Background information
- Born: Marjorie Olive Hayward 14 August 1885 Greenwich
- Died: 10 January 1953 (aged 67) London
- Occupations: violinist violin teacher
- Instruments: violin

= Marjorie Hayward =

British violinist (1885–1953)

Marjorie Olive Hayward (14 August 1885 – 10 January 1953) was an English violinist and violin teacher, prominent during the first few decades of the 20th century.

== Biography ==
Marjorie Hayward was born in Greenwich in 1885. An "infant prodigy", her violin studies were with Émile Sauret at the Royal Academy of Music in London (1897–1903), and Otakar Ševčík in Prague (1903–06). Her two years in Prague were paid for by the sale of the family home: Hayward later expressed her gratitude for this and other support from her musical mother.

She had early successes in the concerto repertoire, performing in Prague, Berlin (where she played Ethel Smyth's Concerto for Violin, Horn and Orchestra with Aubrey Brain), Paris, Amsterdam and the Hague, but later focussed mainly on chamber music.

She was the dedicatee of John Ireland's short 1911 piece for violin and piano titled Bagatelle.

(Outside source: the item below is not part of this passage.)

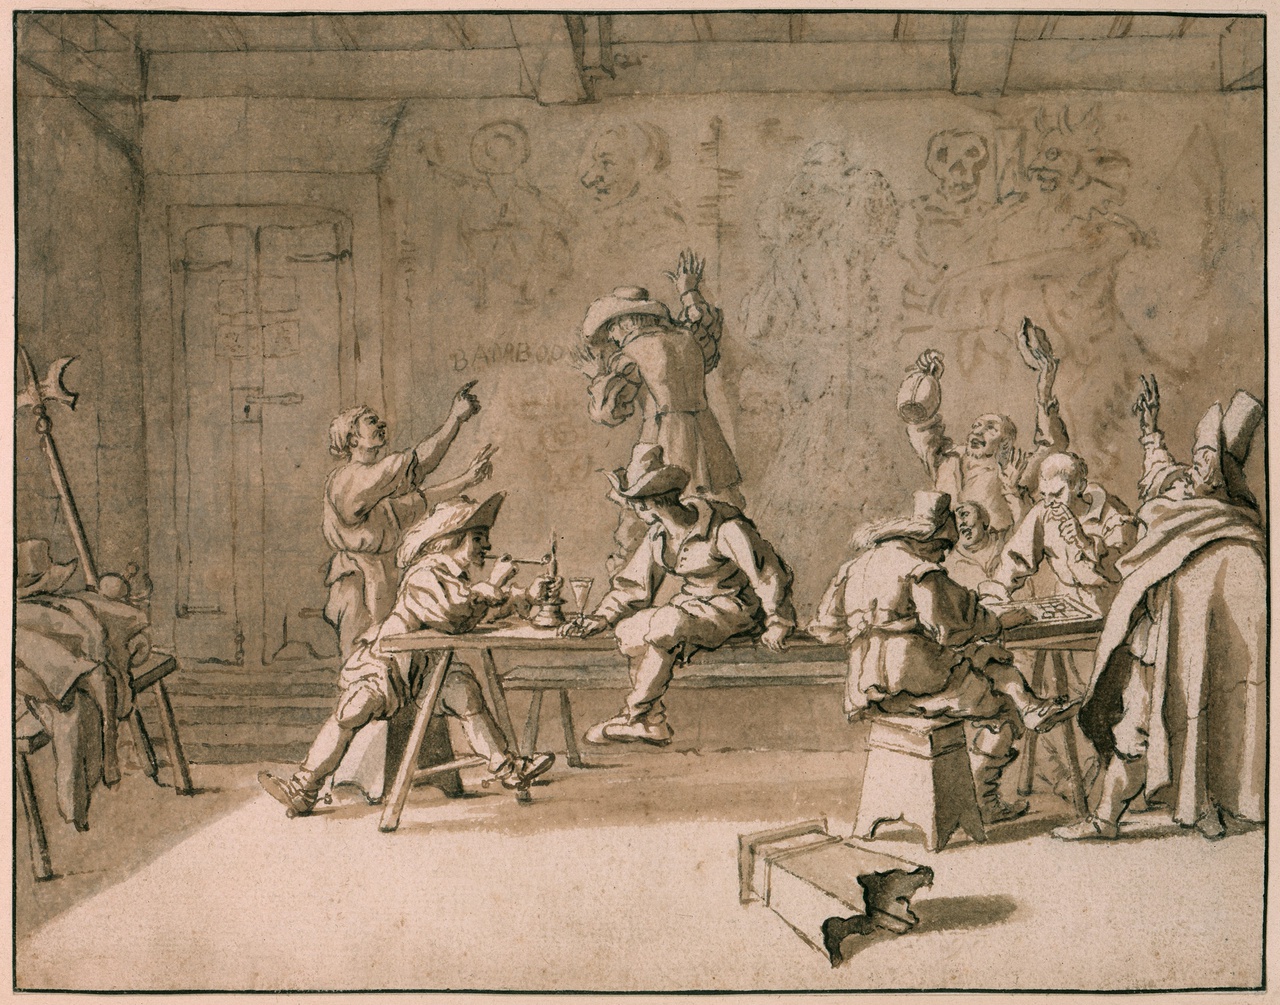 Pieter van Laer, De Bentvueghels in een Romeinse herberg

She and the composer premiered his Violin Sonata No. 1 in D minor on 7 March 1913 at a Thomas Dunhill Chamber Concert at Steinway Hall.

She was also the dedicatee of her teacher Émile Sauret's 24 Etudes Caprices, Op. 64, and Thomas Dunhill's 3 Pieces for Violin and Piano, Op.17.

She led the English String Quartet (which included Frank Bridge on viola), and later the Virtuoso Quartet, the first chamber music group formed specifically for making recordings, with Edwin Virgo (2nd violin), Raymond Jeremy (viola) and its founder Cedric Sharpe (cello). The Quartet did not confine itself to recordings but also broadcast and toured frequently, its repertoire extending to quintets with artists such as Harriet Cohen, William Murdoch, Arnold Bax and Léon Goossens.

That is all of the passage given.